Ben şahsım adına; başta Başbakan Recep Tayyip Erdoğan olmak üzere tüm Bakanlar Kurulu üyelerine, hükümete destek olan AKP milletvekillerine ve AB yolunda hükümete çoğu kez sahip çıkan, hatta bazen de yol gösteren Deniz Baykal ve CHP milletvekillerine çok ama çok teşekkür ederim.
Onlar emin olsunlar ki; ileride bugünleri irdeleyecek araştırmacılar açısından birer kahraman olarak anılacaklardır.
* * *
Madem, gün yiğidin hakkını yiğide teslim etme günüdür, eski yıllara da uzanmak gerek.
Bugün soluklanırken; geçmiş yıllarda Gümrük Birliği için büyük mücadele veren Prof.
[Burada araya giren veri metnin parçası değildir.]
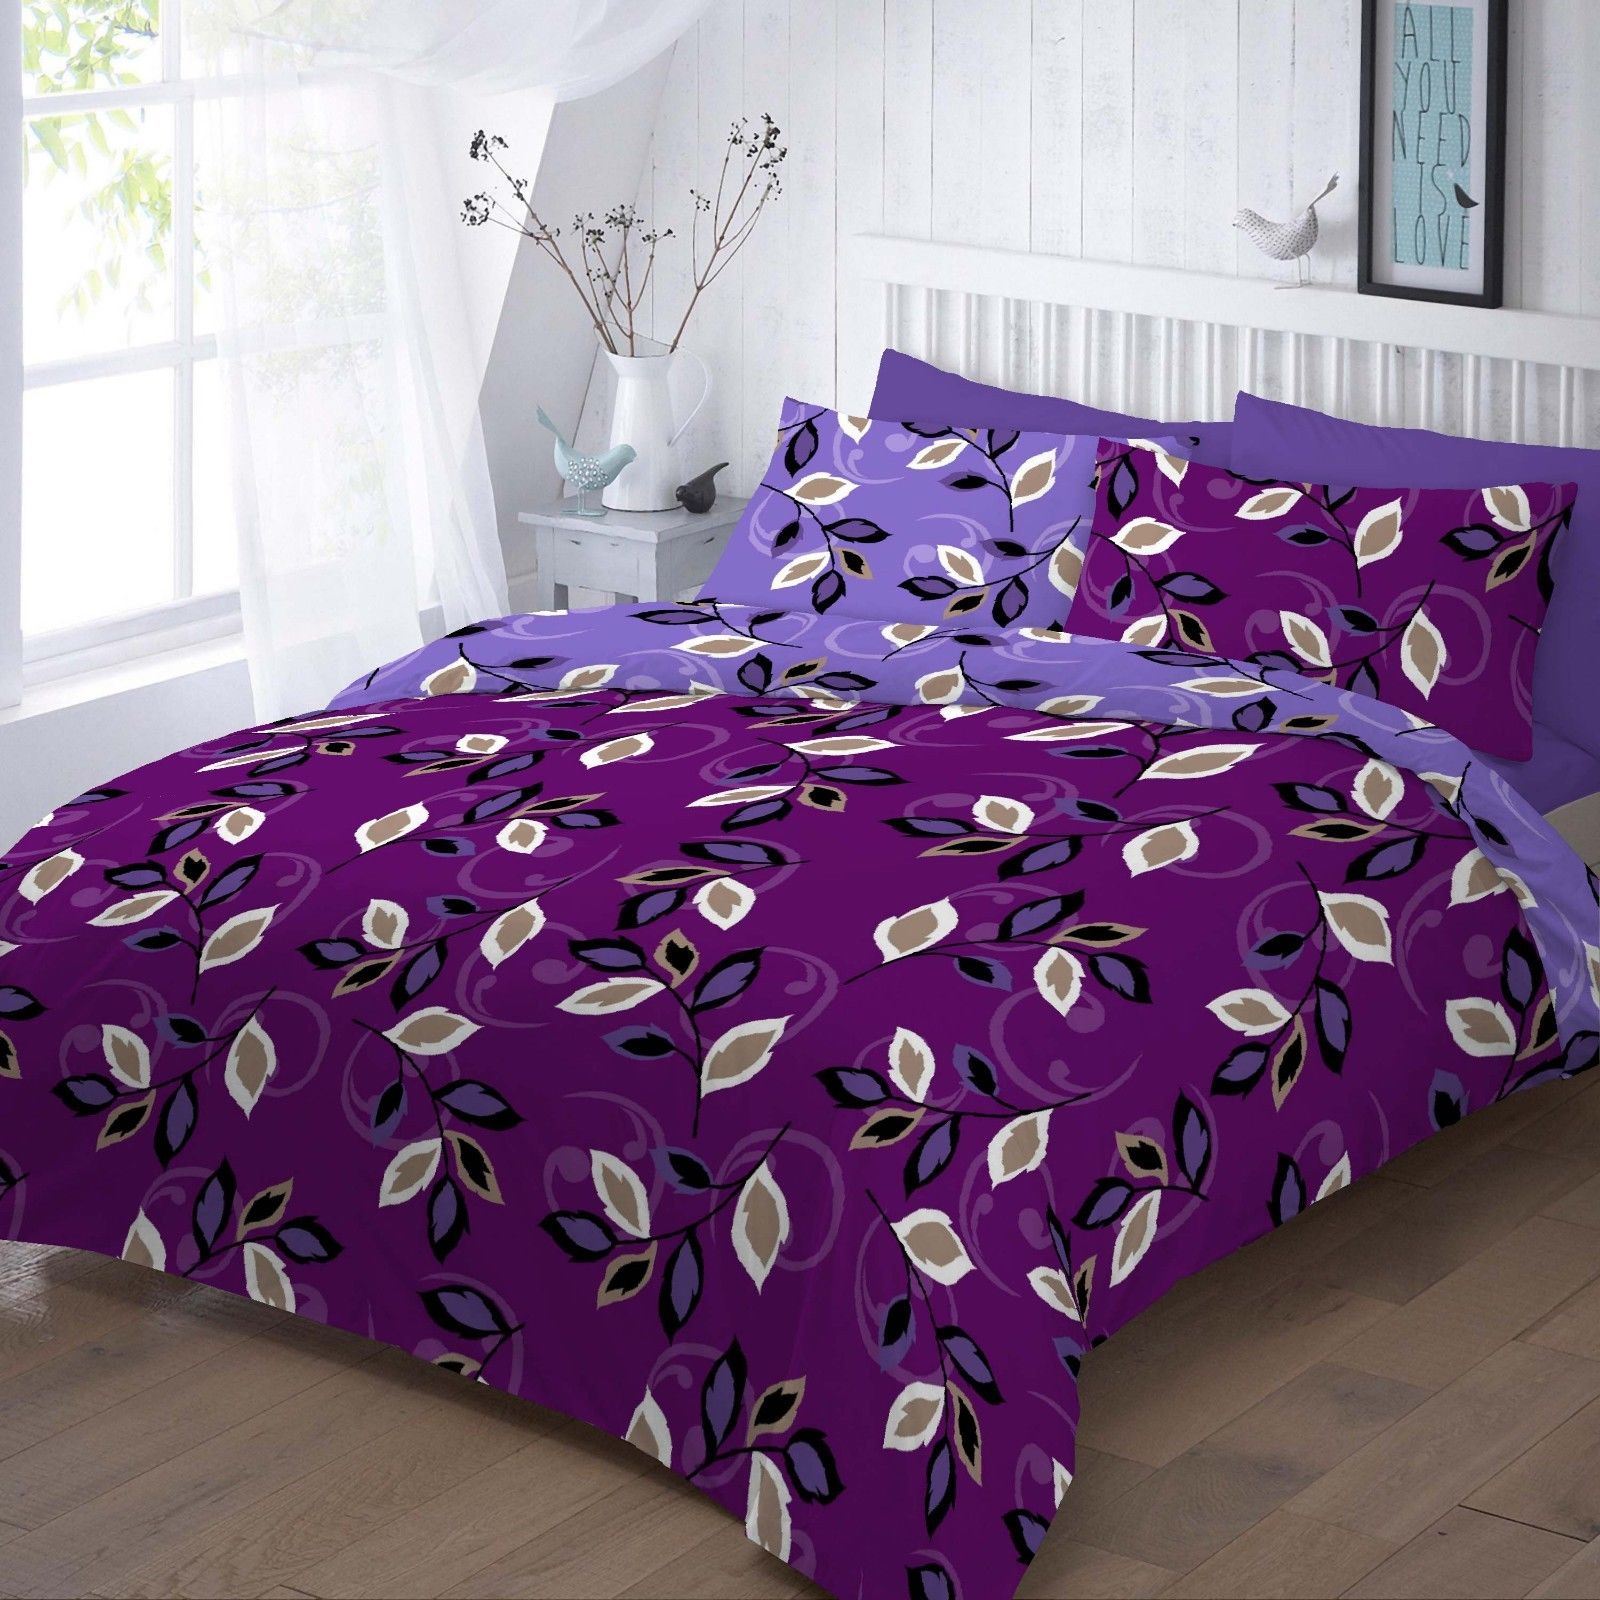 grace duvet cover set wholesale bedding store de lavish. Black Bedroom Furniture Sets. Home Design Ideas

Dr. Tansu Çiller’e, katıldığı son hükümette, katıldığı koalisyona zor da olsa AB yolunda laf anlatmaya çalışan Mesut Yılmaz’a da çok teşekkür ederim.
Doğrudan ilgisi yokmuş gibi gözükse de; ekonomik alanda IMF ile birlikte Türk ekonomisinin düzlüğe çıkarılması sırasında, aynı zamanda Maastricht Kriterleri’ne ayak uydurulması yönünde de mücadele vermiş olan Kemal Derviş’e de çok teşekkür ederim.
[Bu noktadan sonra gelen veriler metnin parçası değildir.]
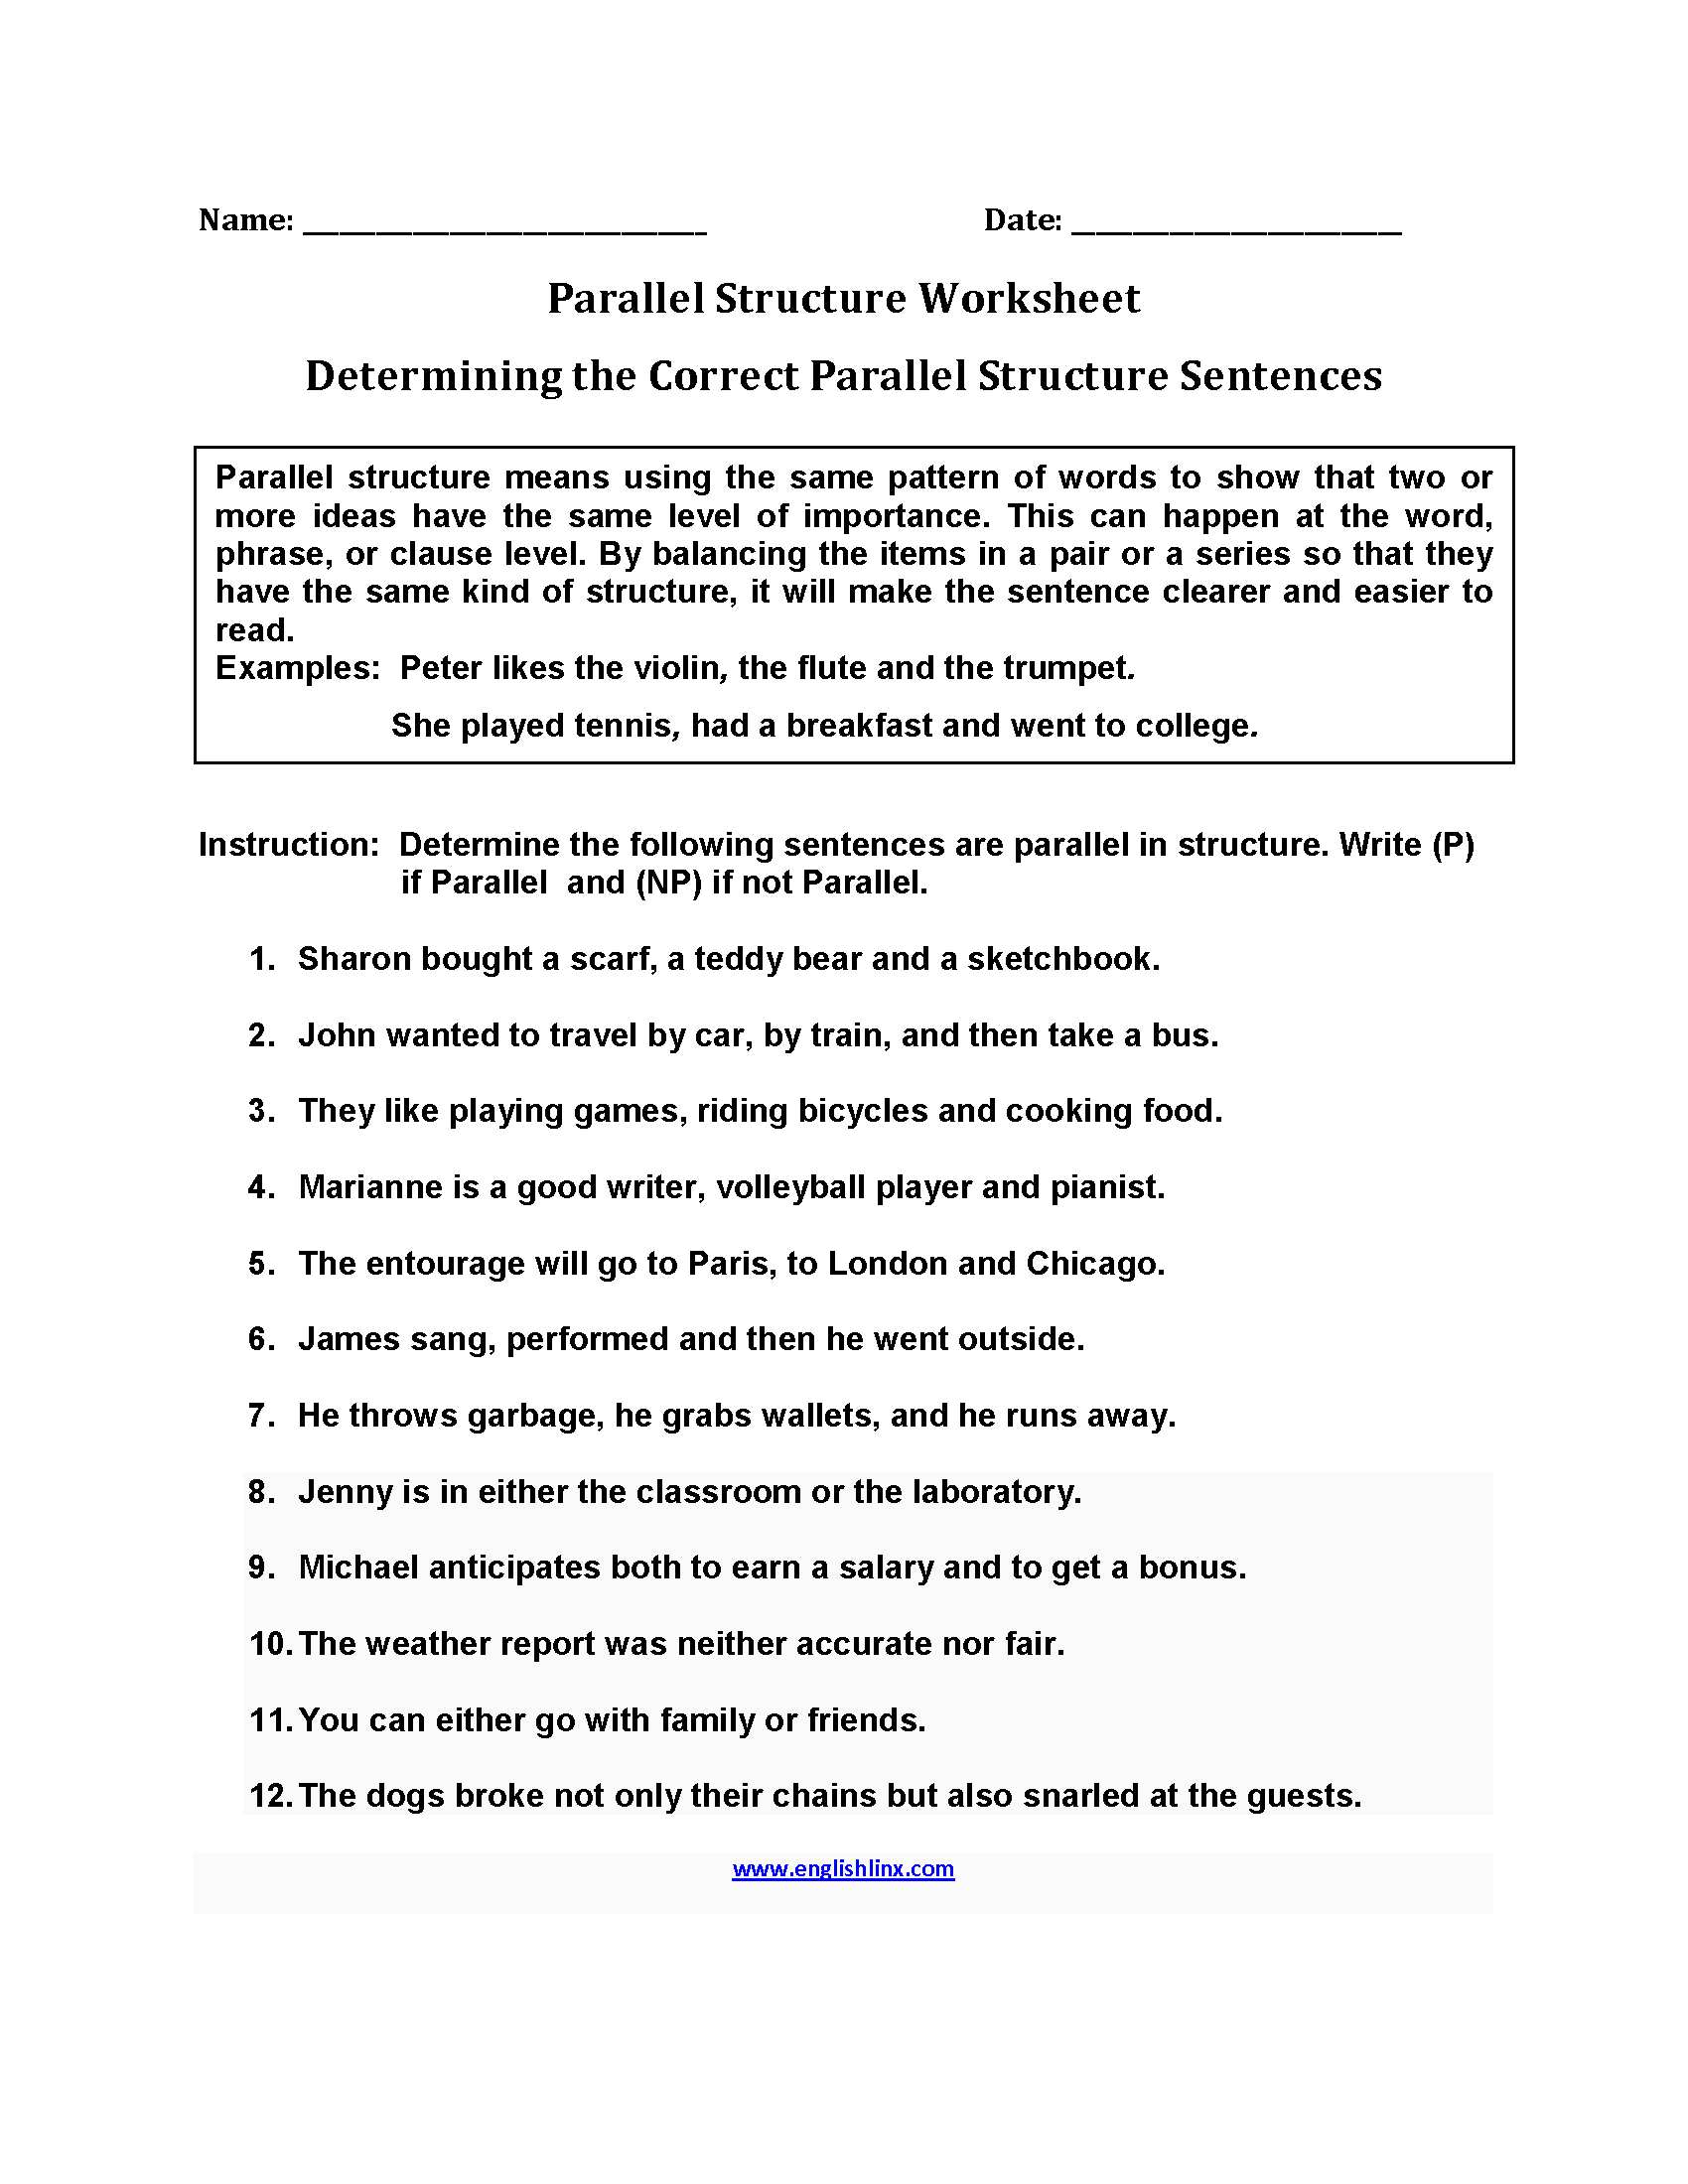 Worksheets Text Structure Worksheets 5th Grade determining parallel structure worksheets englishlinx com board worksheets

Bugün aynı zamanda, bazı yazar, bilim adamı ve düşünürlerimizin tedavülden kalktığı gün olarak da tarihe geçecektir.
Her kim ki; bugün hálá kafasını gömdüğü kumdan çıkaramamaktadır, onlar da bugün tarihe gömülüyorlar.
Ülkenin türlü çeşitli gerici ve faşistleri var.
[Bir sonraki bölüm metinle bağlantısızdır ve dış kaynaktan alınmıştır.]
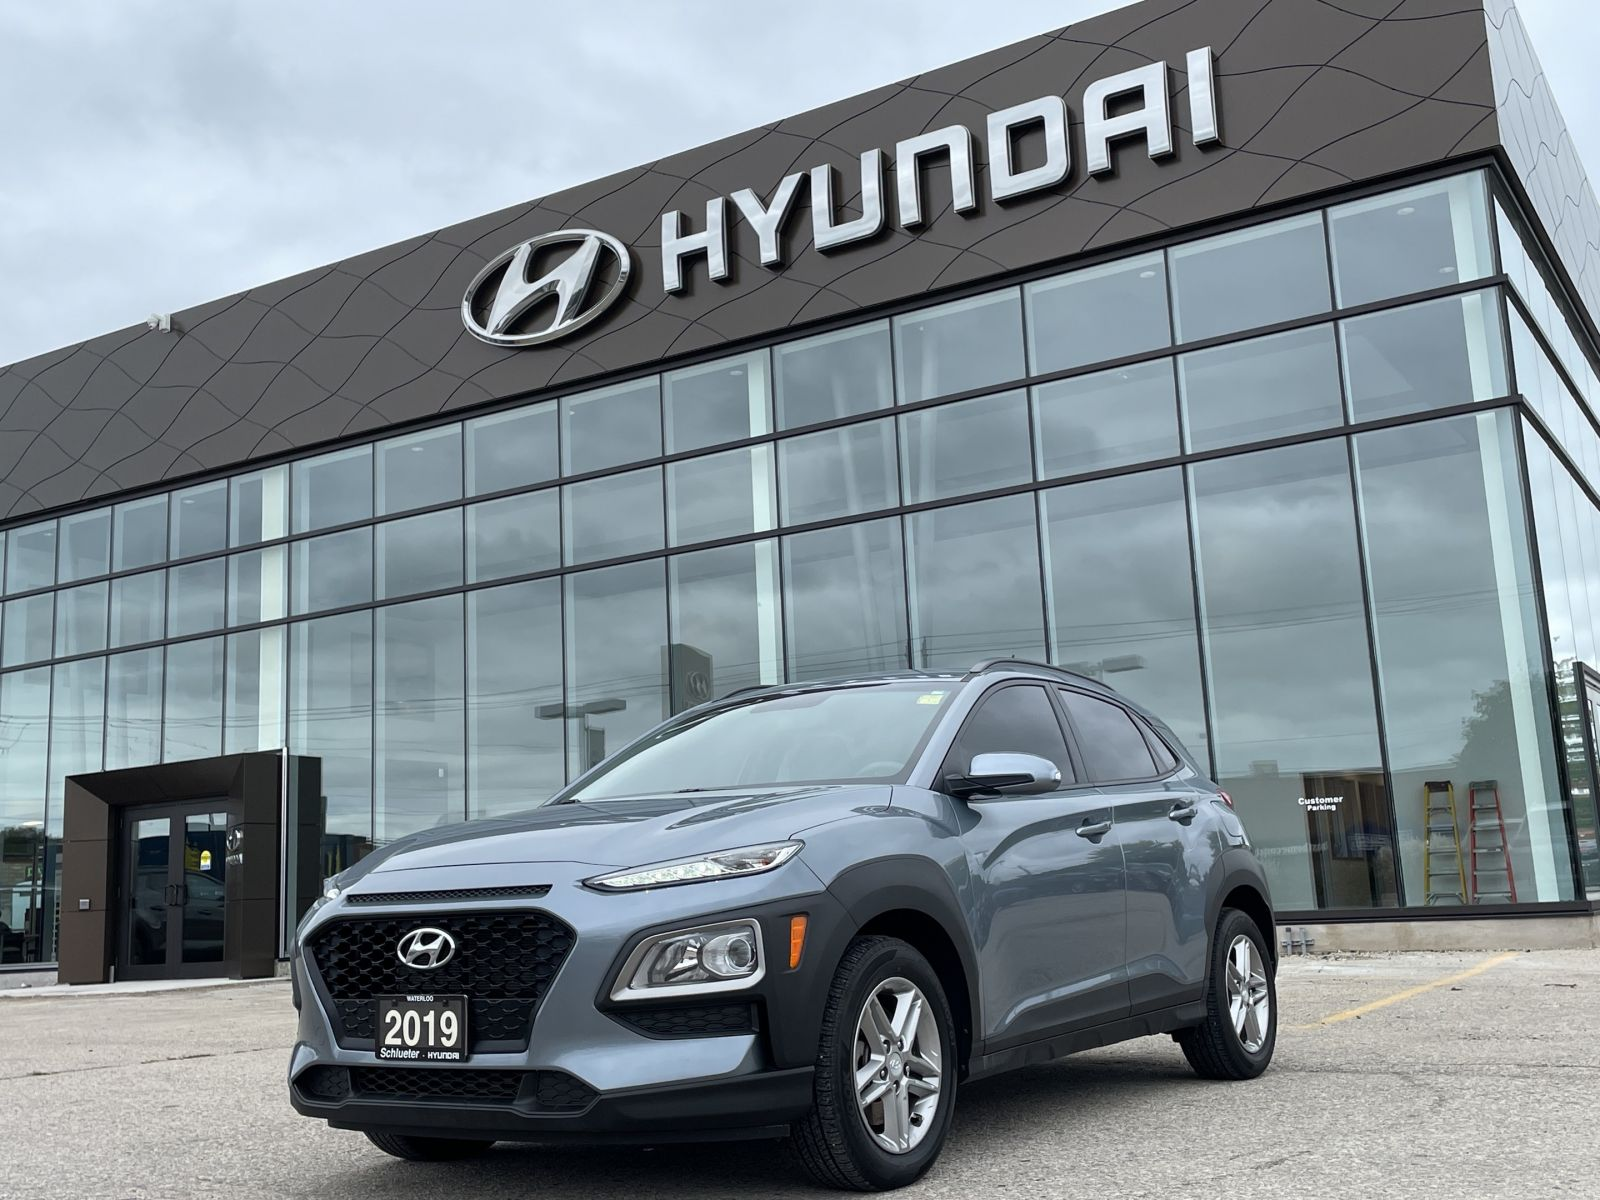 2019 Hyundai Kona Image

Bugün hepsi tedavülden kalkmıyor.
* * *
Ancak, aralarında hálá:
1) ısrarla ve inatla AKP hükümetinin gizli bir şeriat ajandası olduğunu beyan edenler,
2) Her fırsatta analarının eteği altına kaçar gibi, askere davetiye çıkaran, askeri uyaran, eski apoletinin altına sığınan tüm postalseverler bugün itibari ile hiçbir anlam ifade etmez hale geliyorlar.
Unvanları ne olursa olsun bu zevat toplum önünde tüm saygınlıklarını yitirdiler.
* * *
Onları da ileride araştırmacılar ‘nerede idik, nereye geldik?’ sorusu içinde irdeleteceklerdir.
Hele hele daha henüz 28 Şubat döneminde birbirinden nefret eden, birbirinin kellesini isteyen insanların şimdi ‘aman Türkiye değişmesin!’ hedefinde birbirlerini referans veriyor olmaları, ilerideki Aziz Nesin’lere epey malzeme oluşturacaktır.
Bugün önemli bir gün. Bugün analiz yapmak, illa ki öküzün altında buzağı aramak yanlış.
Türkiye’nin bugüne ulaşmasında gayret gösteren herkese ama herkese saygılarımı sunuyorum.